**GIVEN DATA**
::::::::::
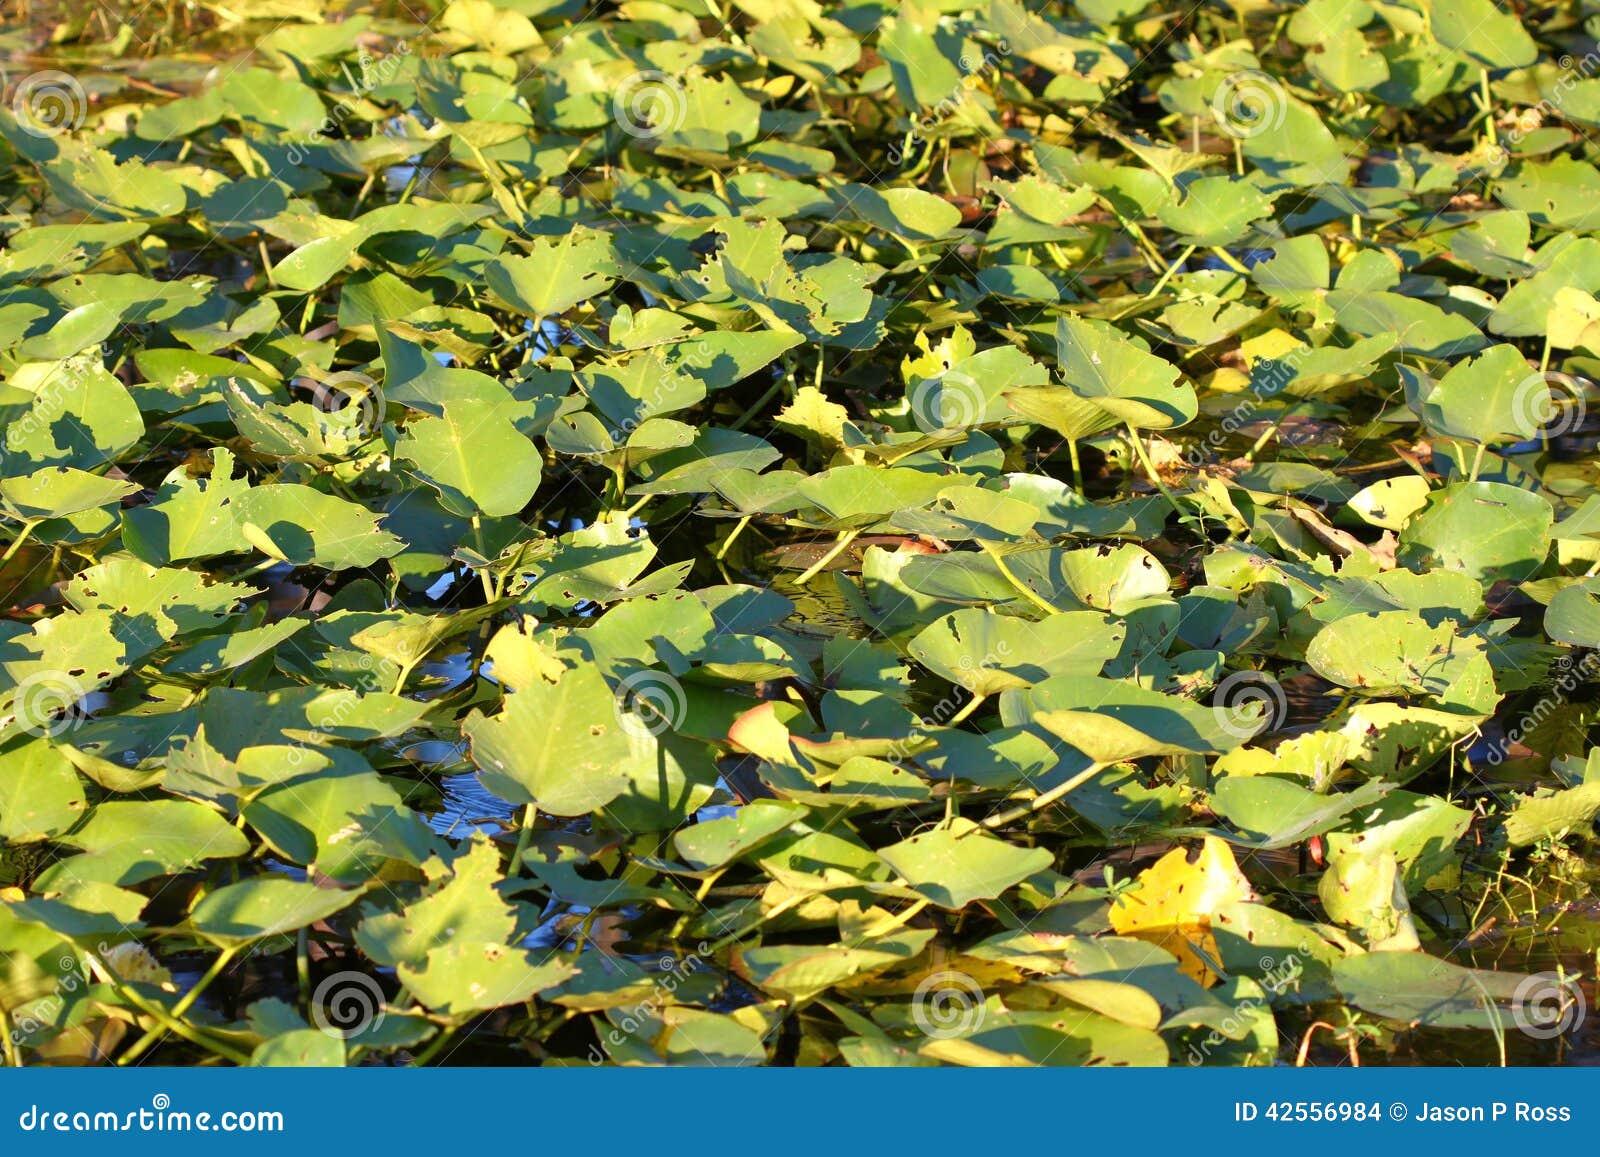 Wetland Vegetation in Florida
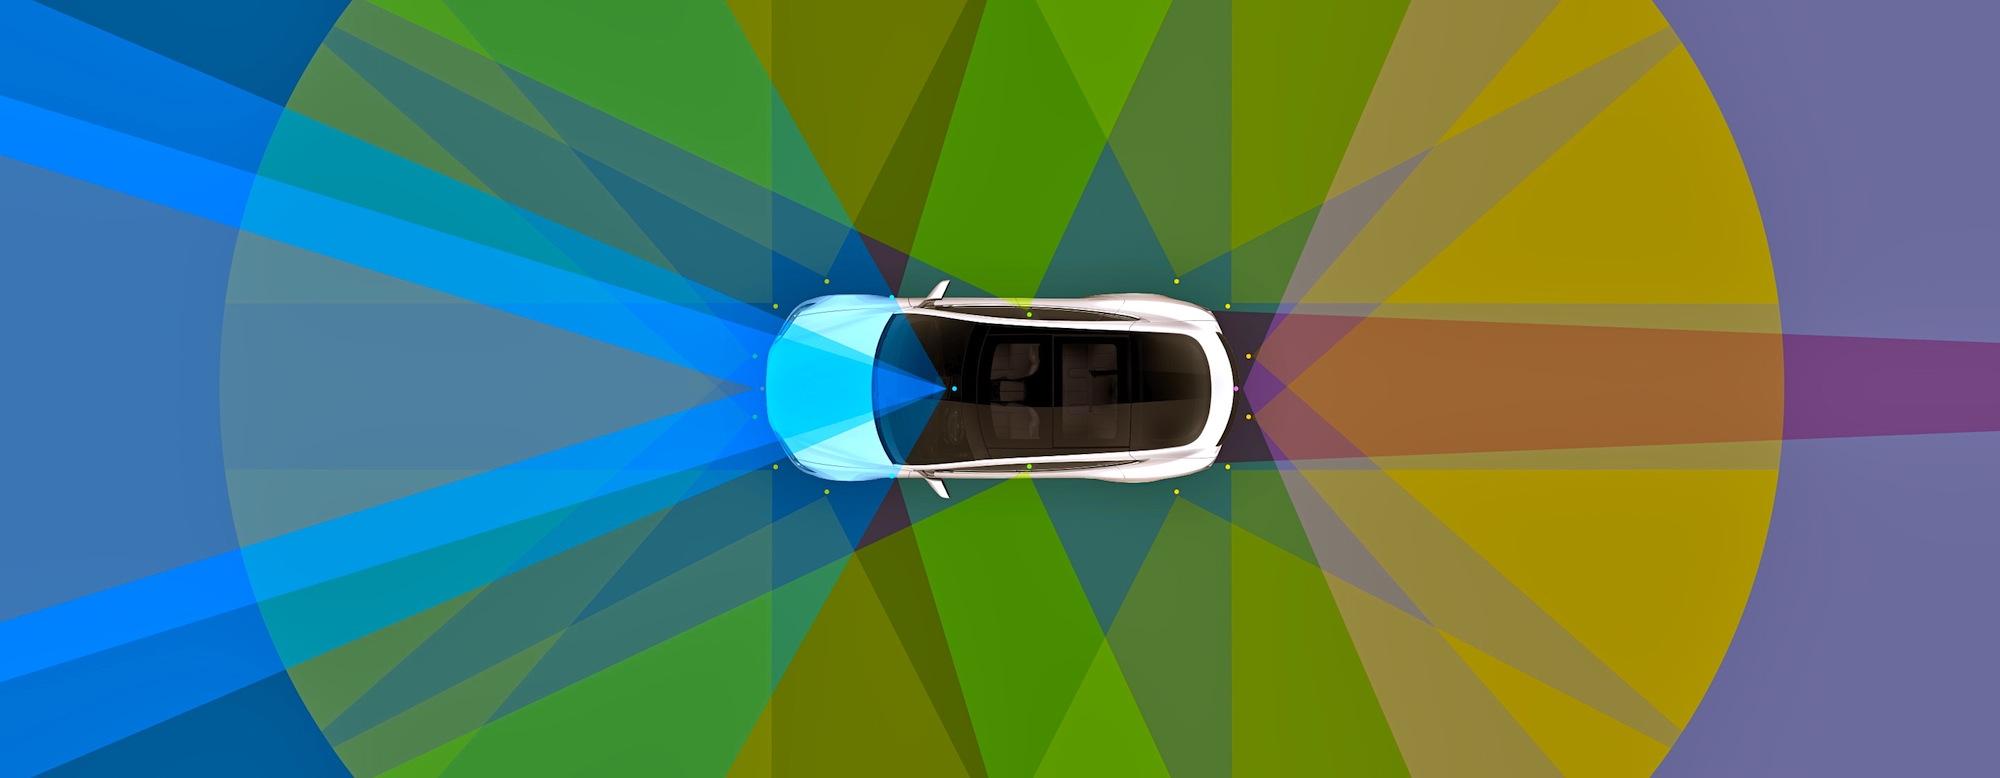 Tesla Autopilot: Self-Driving Servant Or Assisted Suicide?
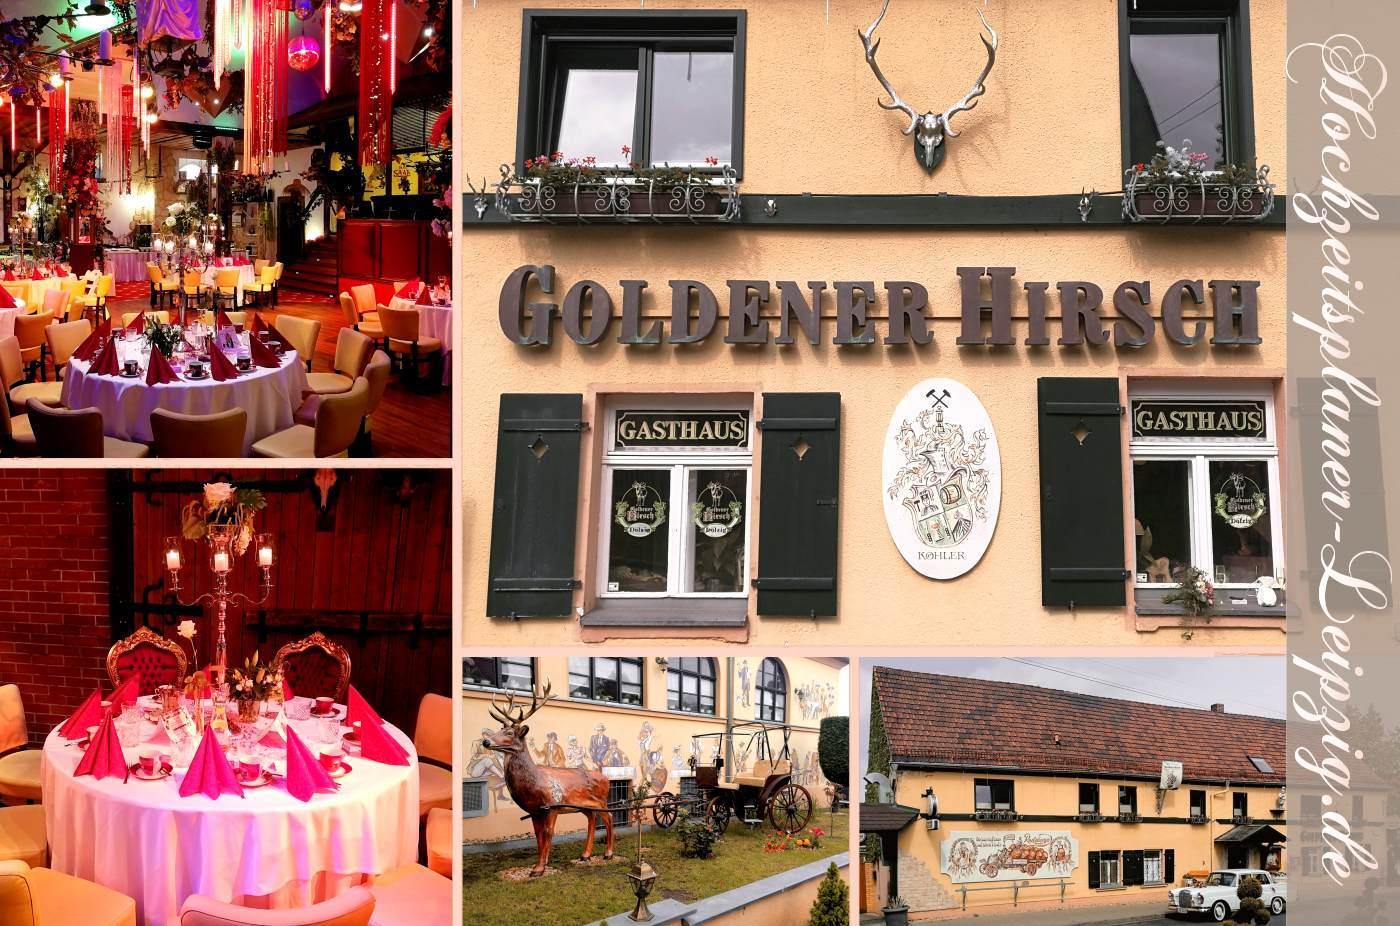 Dölzig Goldener Hirsch
::::::::::
**PROBLEM DESCRIPTION**
Every last line above must be reproduced as written, and no pictures belong in the copy.

**EXERCISE OUTPUT**
 Wetland Vegetation in Florida
 Tesla Autopilot: Self-Driving Servant Or Assisted Suicide?
 Dölzig Goldener Hirsch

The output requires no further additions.